I understand that a critical number is where F'(x) is either c or DNE.

But as far as I can tell, neither the bottom nor the top can be equal to 0, which I think neglects both cases.

2. Originally Posted by CFem
$F(x) = \frac{p-4}{p^2+2}$

f(x) = p-4
f'(x) = -4
g(x) = $p^2 + 2$
g'(x) = 2p

$F'(x) = \frac{f'(x)g(x)-f(x)g'(x)}{g(x)^2}$

$F'(x)= \frac{-6p^2+8p-8}{(p^2+2)^2}

$

I understand that a critical number is where F'(x) is either c or DNE.

But as far as I can tell, neither the bottom nor the top can be equal to 0, which I think neglects both cases.
the derivative of $p-4$ is not $-4$

you also did the quotient rule incorrectly.

3. Originally Posted by CFem
$F(x) = \frac{p-4}{p^2+2}$

f(x) = p-4
f'(x) = -4
g(x) = $p^2 + 2$
g'(x) = 2p

$F'(x) = \frac{f'(x)g(x)-f(x)g'(x)}{g(x)^2}$

$F'(x)= \frac{-6p^2+8p-8}{(p^2+2)^2}

$

I understand that a critical number is where F'(x) is either c or DNE.

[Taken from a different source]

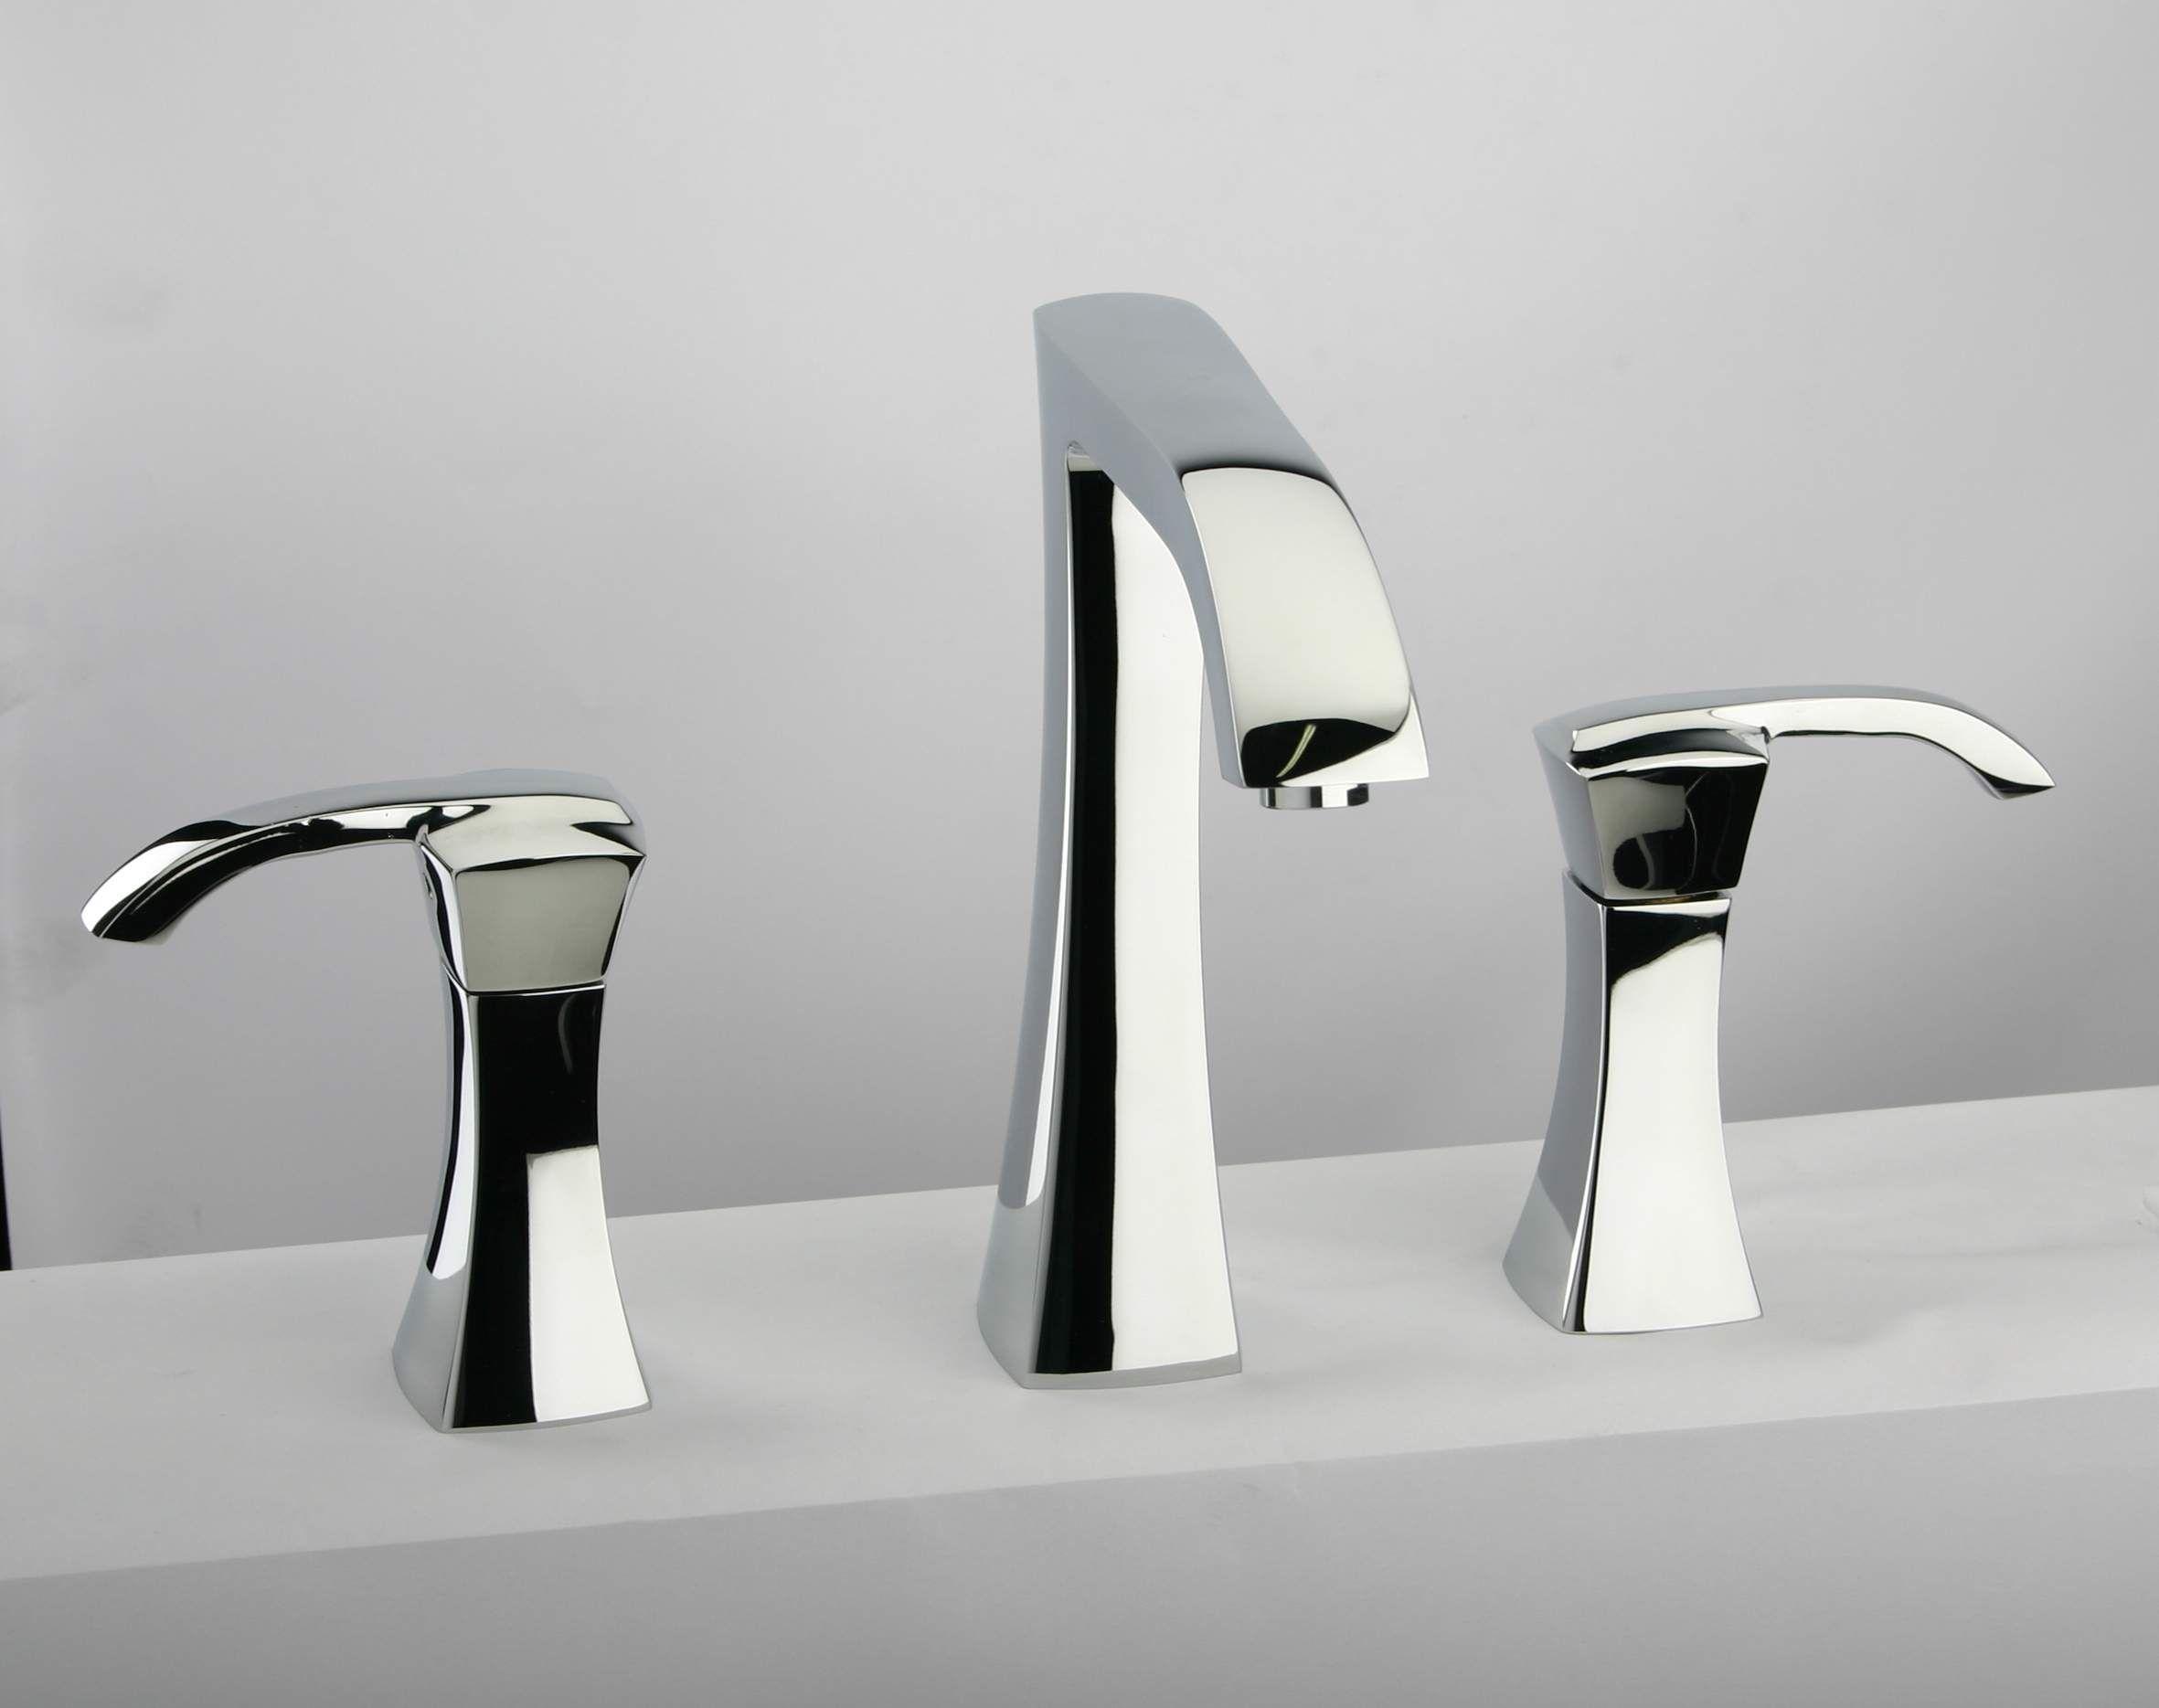 Bathroom Fixtures For A Designer Bathroom Grohe Faucet Bathroom Faucets

But as far as I can tell, neither the bottom nor the top can be equal to 0, which I think neglects both cases.
For one thing, you have $F(x)=\frac{p-4}{p^2+2}$. With respect to $x$, this is a constant function (and therefore has no critical points). I'm not sure if that's what you meant, but with the case $F(x)=\frac{x-4}{x^2+2}$, we have:

$f(x)=x-4$
$f'(x)=1$
$g(x)=x^2+2$
$g'(x)=2x$

Therefore, $F'(x)=\frac{x^2+2-2x(x-4)}{(x^2+2)^2}=\frac{-x^2+8x+2}{(x^2+2)^2}$

Using the quadratic formula on the numerator, we get that $F$ has two critical points (with horizontal tangent lines) at:

$x=\frac{-8\pm\sqrt{64+8}}{-2}=4\pm3\sqrt{2}$

$F'(x)$ is defined everywhere, so there are no vertical tangents.

----------------------

On a related note, it only makes sense to define a vertical tangent of $F$ at $x=a$ when:

1) $F'(a)$ is undefined.
2) $F(a)$ is defined.

Otherwise, you'll just get the equation for the asymptote.

Take for example, $F(x)=\sqrt{x}$ and investigate the behavior of the tangent line at $x=0$.